Copy the data exactly from the line that contains "Restaurant icons over" through the line that contains "Gigabyte GA-7VA manual", keeping both end lines and leaving out everything else.

- _Source data_:
--------

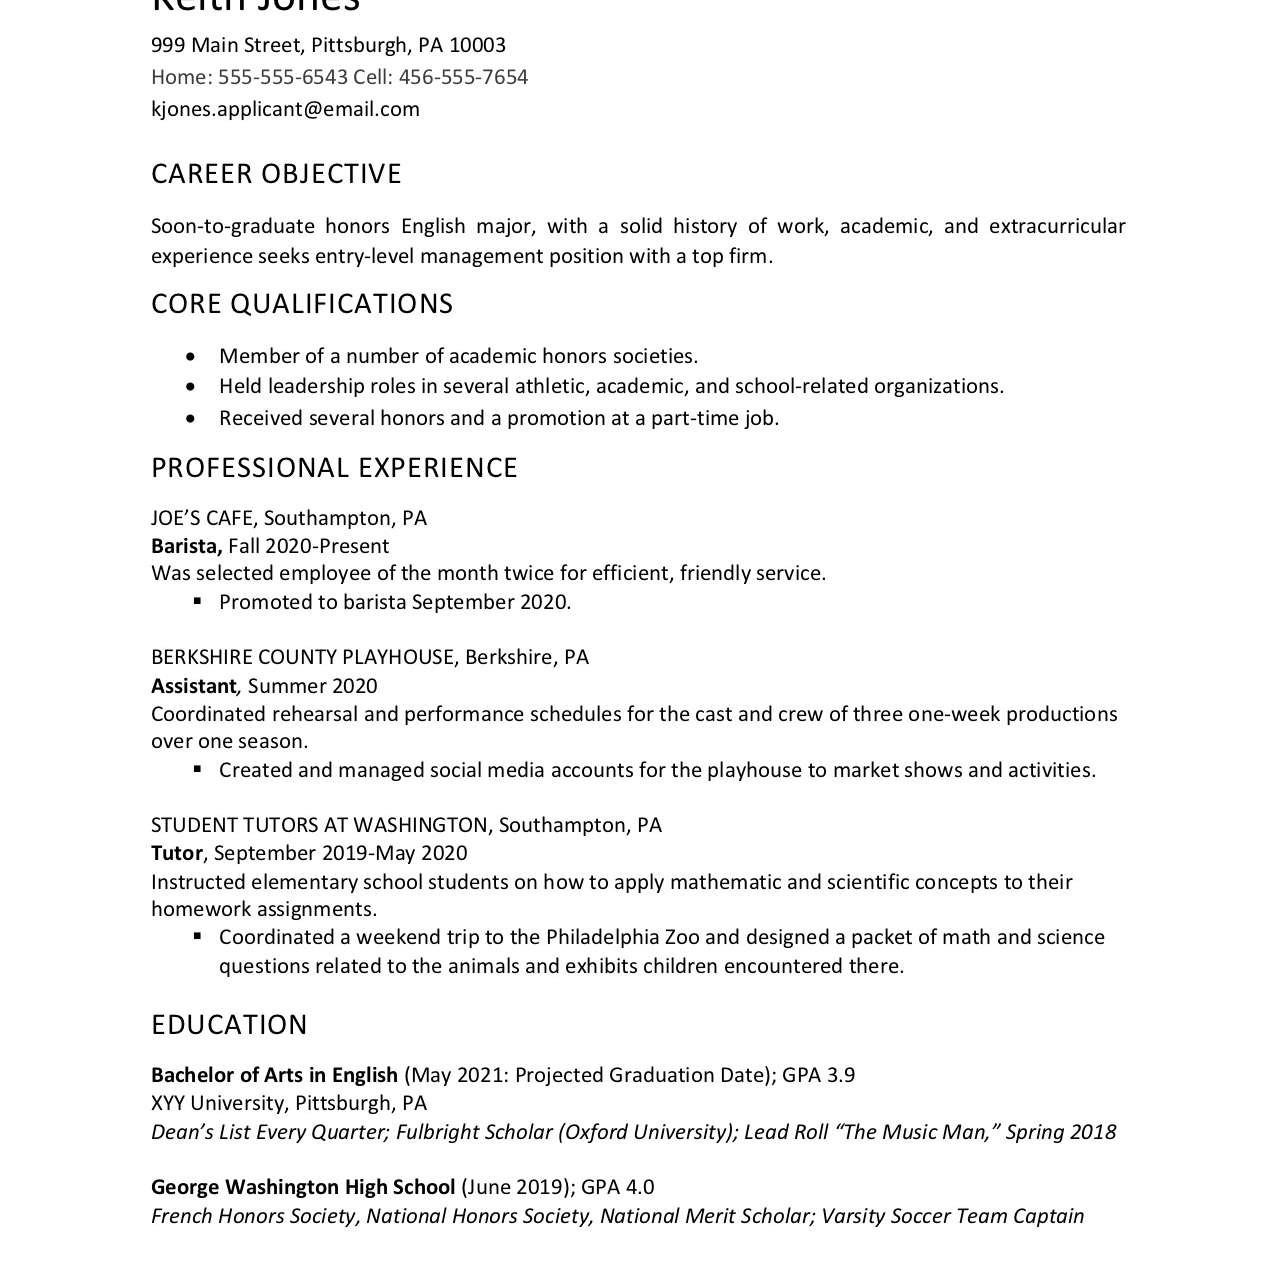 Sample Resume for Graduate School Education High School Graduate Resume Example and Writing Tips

--------

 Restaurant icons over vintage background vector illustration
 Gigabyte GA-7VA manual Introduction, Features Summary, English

--------

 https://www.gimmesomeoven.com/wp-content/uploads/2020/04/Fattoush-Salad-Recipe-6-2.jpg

--------

- _Problem solution_:
 Restaurant icons over vintage background vector illustration
 Gigabyte GA-7VA manual Introduction, Features Summary, English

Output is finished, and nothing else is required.